Commenting on yesterday’s Supreme Court decision in the case of Fearn and others (Appellants) v Board of Trustees of the Tate Gallery (Respondent), Claire Lamkin, partner in the Real Estate team at law firm Kingsley Napley LLP, said: “The Supreme Court has decided that residents of a glass block of flats have been subjected to intense visual intrusion by the use of the Tate Modern’s viewing platform by its visitors. The Court found that although neighbours are expected to adopt a ‘give and take’ approach and to take adequate measures to alleviate issues between them, the Tate’s use of its viewing gallery did not constitute a reasonable use of its land for the local area.
“Whilst today’s decision is a victory for the claimant flat owners and is important in terms of clarifying nuisance and privacy under the law, the judges emphasised the rare circumstances in this case. The likelihood of all nuisance cases succeeding in future remains slim. However, it will no doubt precipitate a wave of copycat cases where people feel a property development near them is highly intrusive. And to that extent builders, architects, developers, town planners and policy makers will need to check their plans carefully from now on to minimise the risk of future similar litigation.
“In the meantime, the Supreme Court has remitted the case back to the High Court to determine whether the residents are entitled to an injunction to prevent the viewing platform from being used.”
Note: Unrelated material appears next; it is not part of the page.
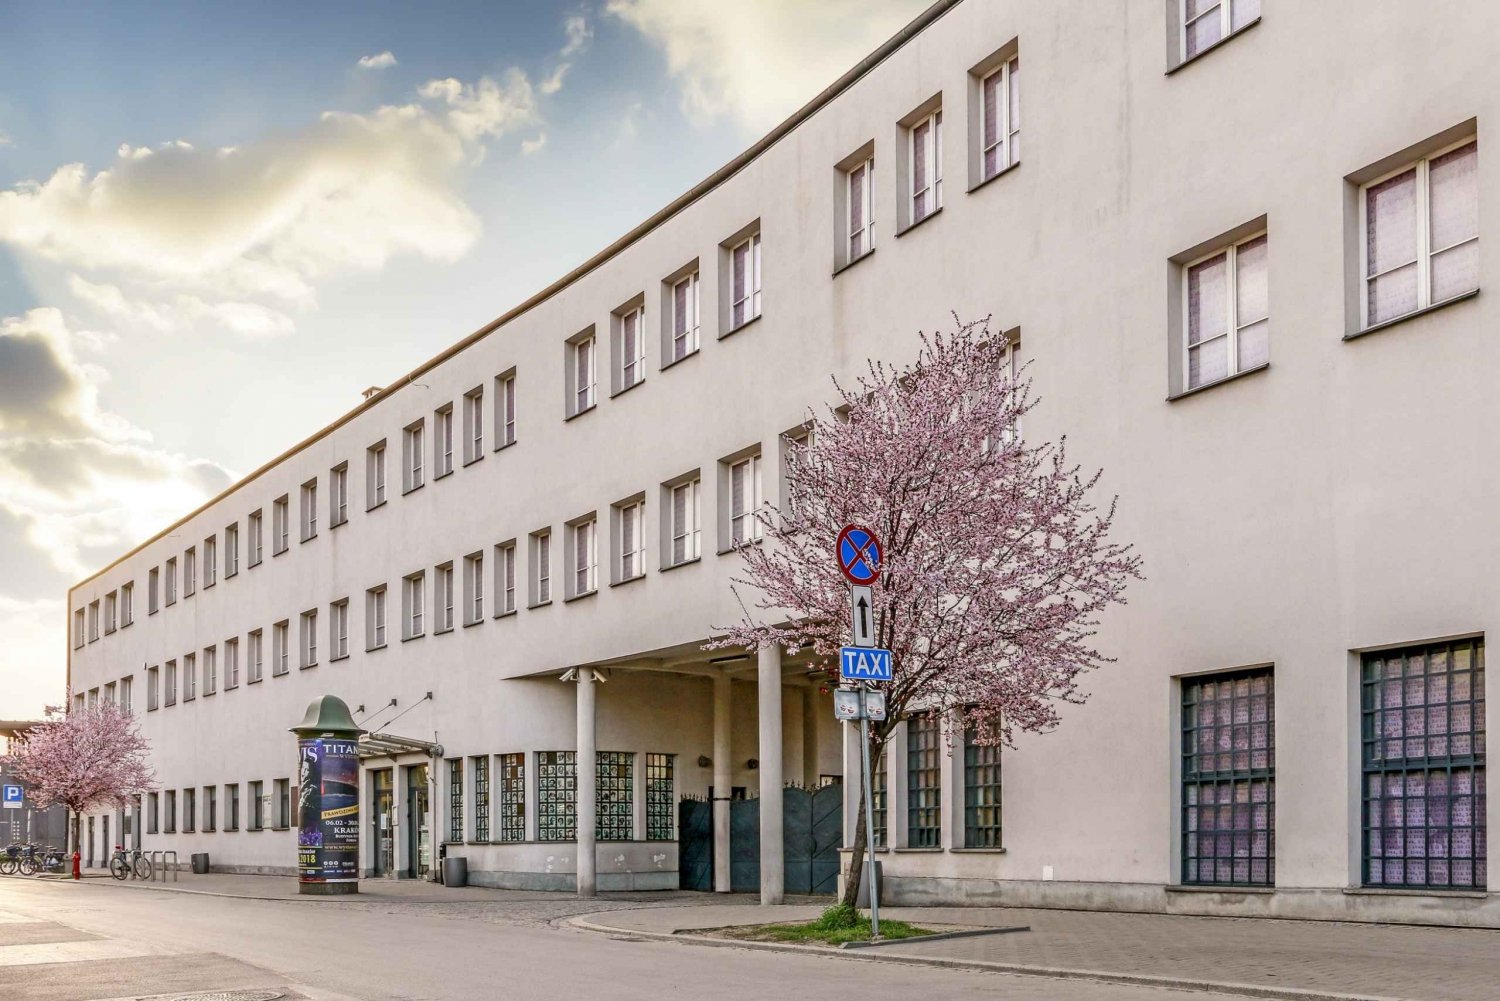 Krakova: Schindlerin tehtaan kiertoajelu ja pääsylippu.

Lisa Barge, partner and head of real estate dispute resolution at Eversheds Sutherland, said: “We will potentially see an onslaught of claims based on nuisance where one party is overlooked from another building. However, careful advice should be taken before issuing such a claim, as there could well be many distinguishing factors: here the Tate was not considered to have put in place effective mitigation measures, the relevant part of Building was intended as viewing platform, and the impact on the flat owners was very significant given the numbers of members of the public that looked out from the viewing platform.
“Also, the question of what remedy will be imposed is not yet decided. It remains to be seen whether the flat owners will receive an injunction which prevents use of the viewing platform at all, or imposes a number of mitigation criteria. It is also possible that the flat owners receive financial compensation instead.
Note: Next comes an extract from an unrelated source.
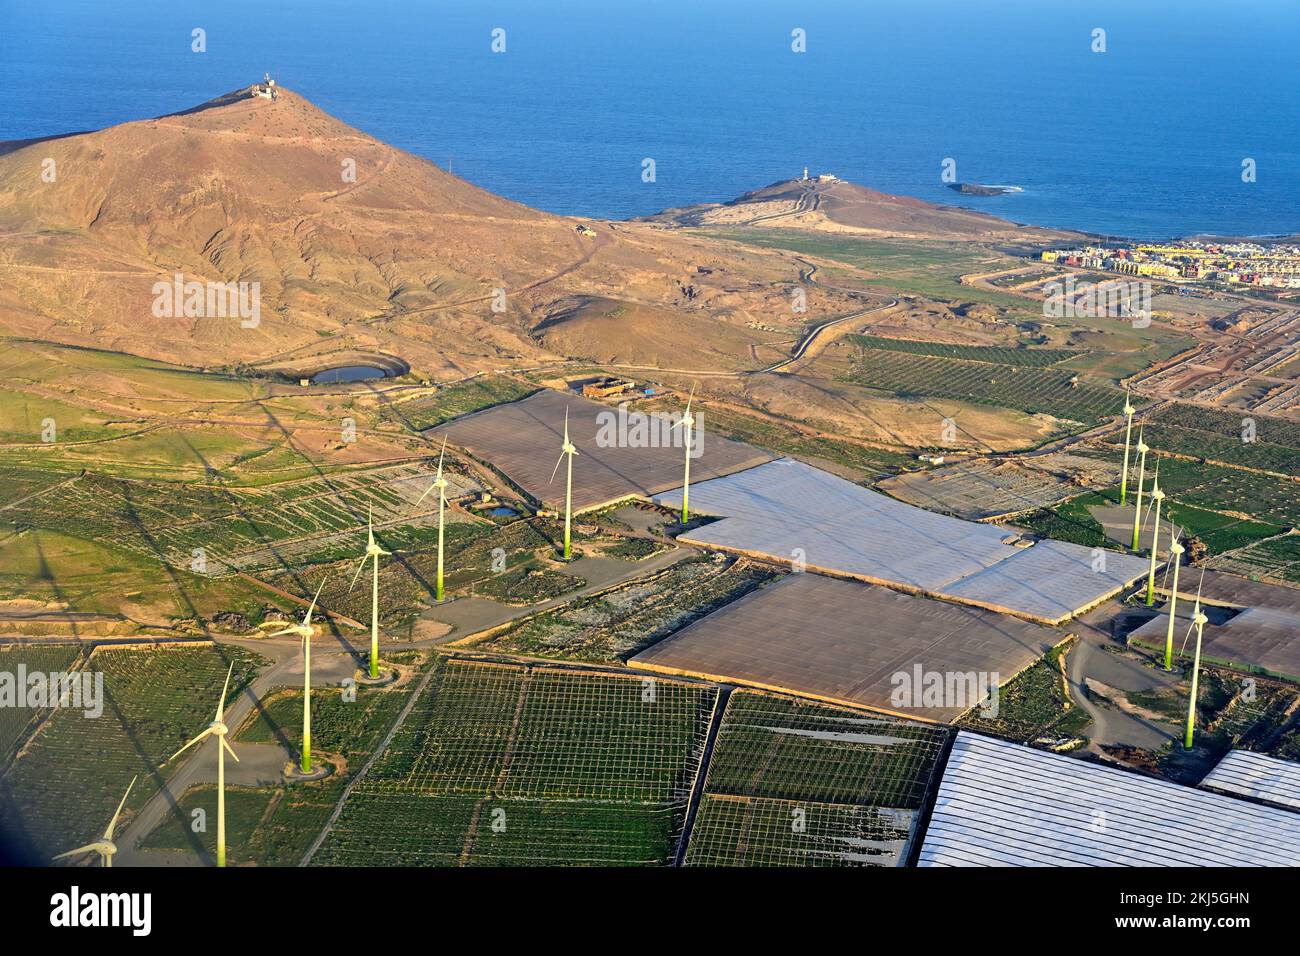 Veduta aerea di Arinaga sulla costa atlantica, Las Palmas, Gran Canaria, Spagna, oceano Atlantico. Con mulini a vento, campi agricoli e coperture. Foto Stock

“So, watch this space.. as the story of claims based on lack of privacy or overlooking is not finished yet.”
Thomas Freeman, senior associate solicitor in the Real Estate Disputes Team at Irwin Mitchell, added: “In the short-term, the case is likely to be misunderstood as having been decided on the grounds of “privacy”. There are likely to be many people concerned about the use of neighbouring land or its proposed development who will seek to rely on it. However, the case was concerned the law of nuisance and not privacy. The Judgment is clear that the ordinary use of land, including for ordinary instances of overlooking or development, will not constitute a nuisance.”
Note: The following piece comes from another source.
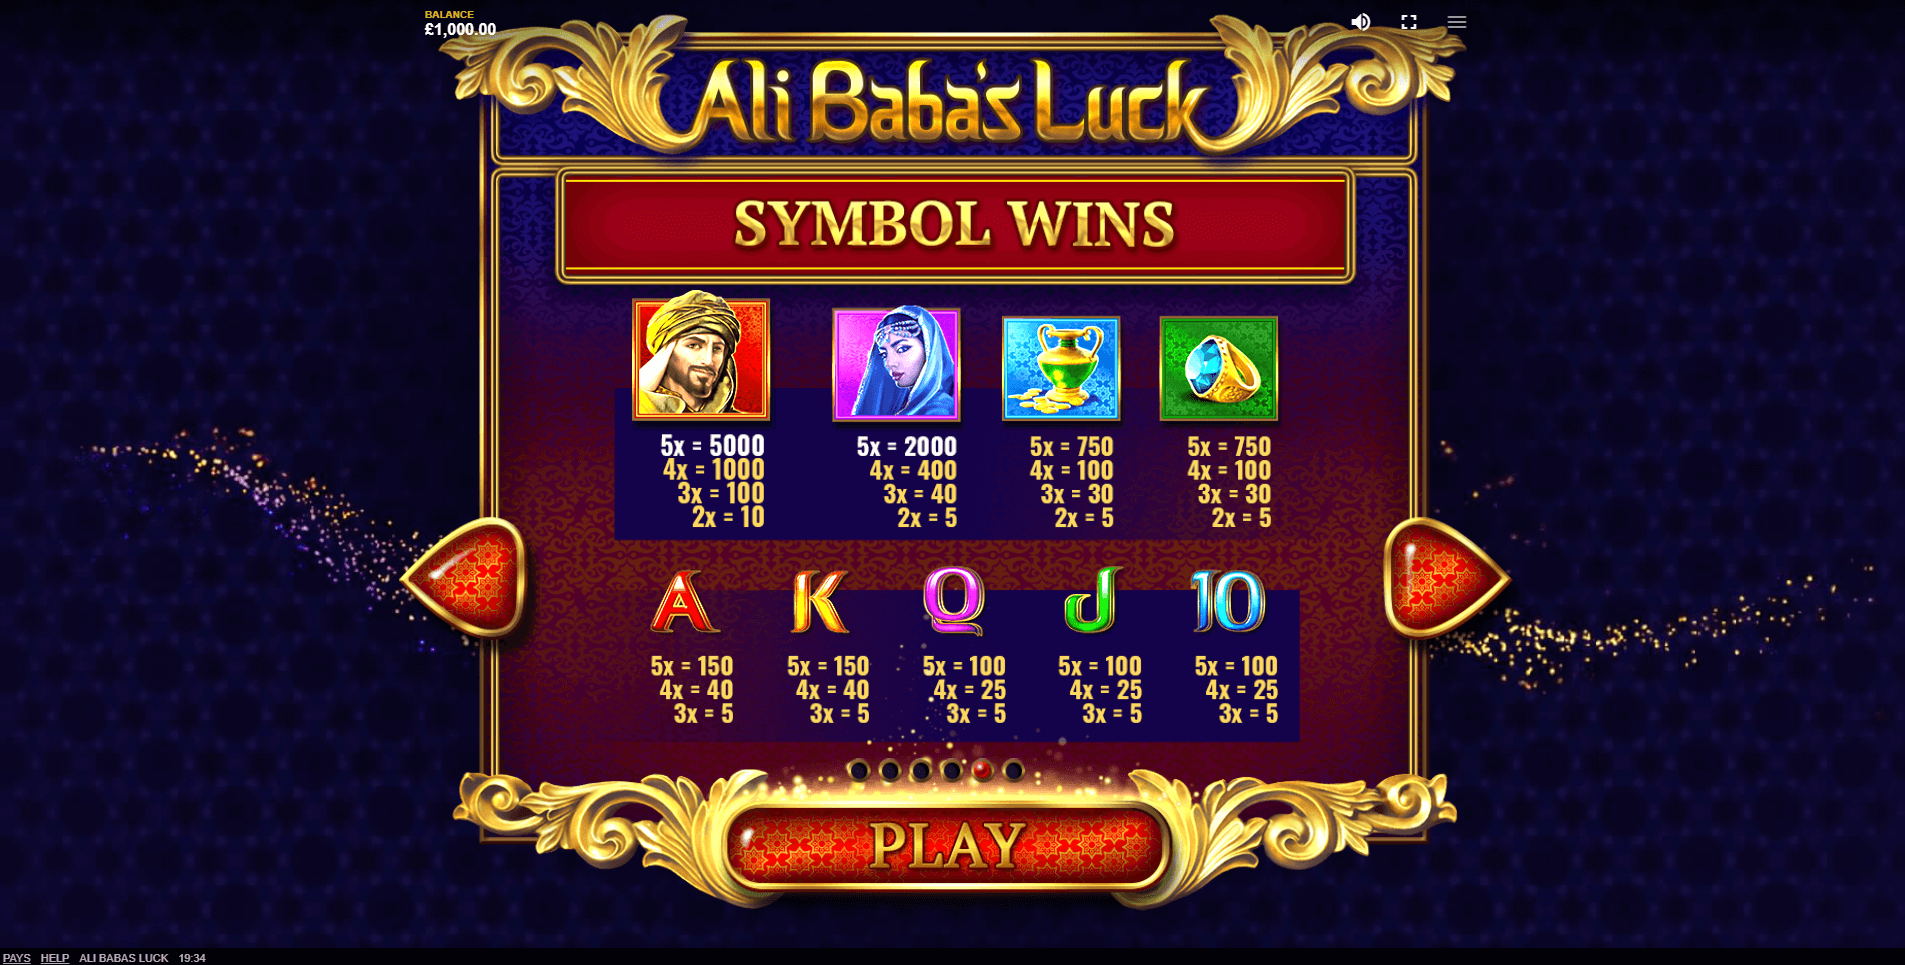 ali babas luck slot machine detail image 3

“The case is important because the Supreme Court has re-stated the law of nuisance. In doing so, it has rejected the notion that there is a “reasonable user” test, or that the “reasonable use” of land in all the circumstances will provide a defence to claim in nuisance. Rather, the questions of whether the interference is substantial, and whether it emanates from an ordinary use of the land or not, are of paramount importance.
“In the longer term, it is the question of “ordinary use” which is likely to generate satellite litigation. It is difficult to assess ordinary use by reference to locality in highly developed mixed areas, or where new uses are to be introduced to an area or are developed incrementally over time.”
“Finally, the Supreme Court avoided the question of whether the owners should be awarded damages or an injunction. This is a missed opportunity for the Court to provide guidance in an area which, as the Court itself acknowledged, has been uncertain since the issue was last examined by the Supreme Court in Coventry v Lawrence.”